Every buckle in the vehicle remained untouched.
Graham leaned close to my shoulder. “Does he always do that?”
“Breathe?”
“Make parking beside grapevines feel like a security operation?”
“Yes.”
Nick stepped out first and came around the hood to open my door.
Graham’s eyebrows lifted. Alina’s attention sharpened. Naomi, the traitor, looked delighted.
I stepped down before the moment could collect witnesses.
“Thank you,” I said, because manners had survived worse.
Nick’s hand brushed the air at my back, nowhere near touching. “Stay on the inside of the path.”
“To avoid what?”
“Graham.”
Behind us, Graham said, “I heard that.”
“Then stay where I can see you,” Nick replied.
The woman waiting at the entrance wore a cream colored jumpsuit, tortoiseshell glasses, and the terrifying calm of someone who could identify a wine flaw from across a room.

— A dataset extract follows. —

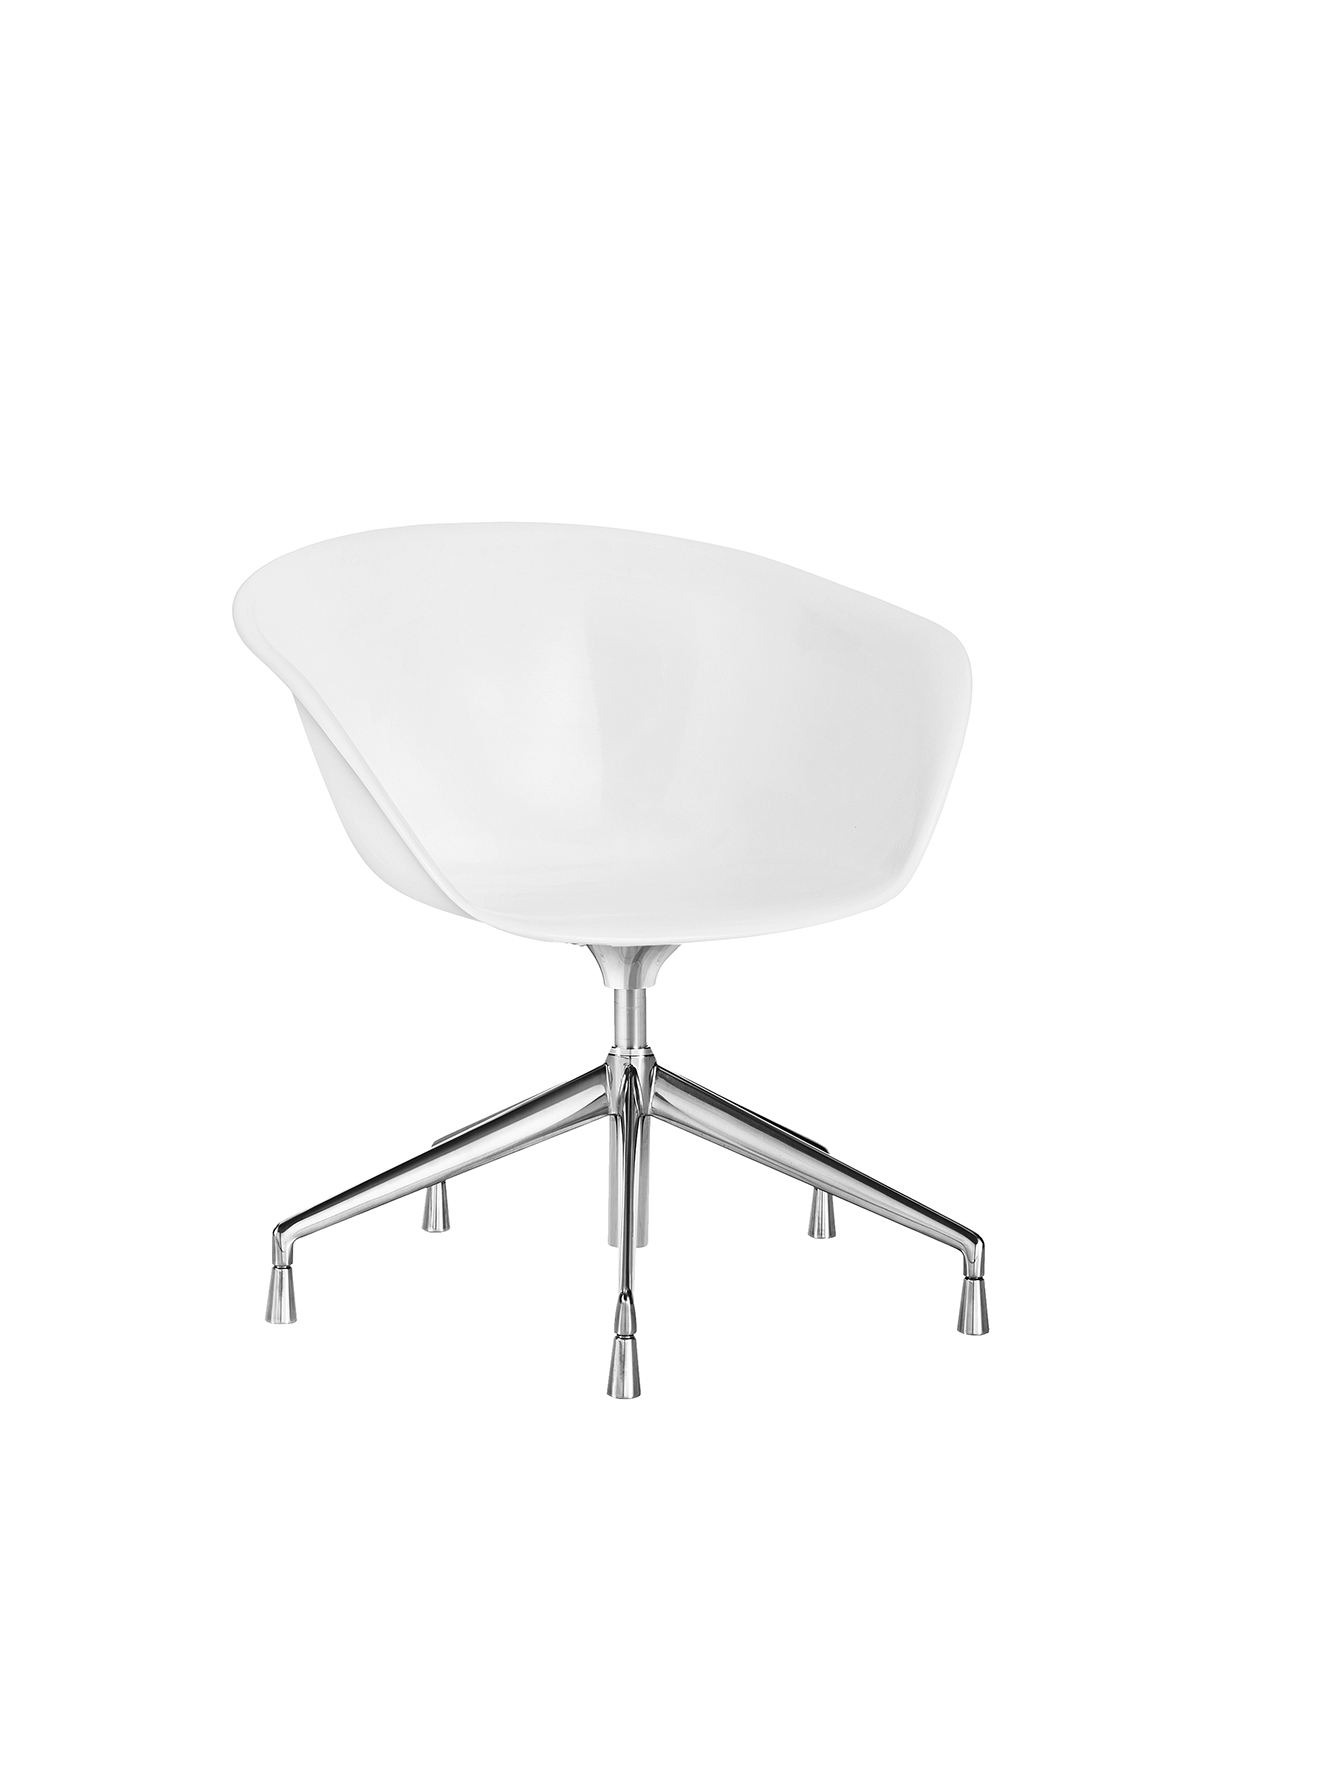 Duna02 4208 chair by Arper

Her name was Marieke Botha, and she managed the estate’s conservation partnerships with the crisp warmth of a person who had learned that wealthy people behaved better when given shade and excellent glassware.
“Welcome to Veld & Vine,” she said. “We’re honored to host Mara Khaya’s guests.”
Cufflink stepped forward. “Your export numbers are impressive for a boutique estate.”
The man was one corkscrew away from asking for a five-year growth forecast.
Marieke smiled. “Thank you. We prefer to think of ourselves as conservation-funded agriculture.”
Naomi leaned toward me. “I already like her.”
We began with the behind-the-scenes tour.
Marieke led us past the terrace and into the working side of the estate, where the polished guest areas gave way to cooler shadows and practical concrete floors.
The air changed at once. Outside, the morning had smelled of dust and vine leaves.
Inside, the cellar held oak, damp stone, yeast, and the faint tart sweetness of grape skins caught somewhere between fruit and fermentation.
Rows of barrels curved away into dimness, each one marked in white chalk. The temperature dropped enough to raise goose bumps along my forearms.
Nick noticed.
Of course he noticed.
A minute later, his khaki field jacket appeared in his hand, held out without comment as Marieke explained the first row of barrels.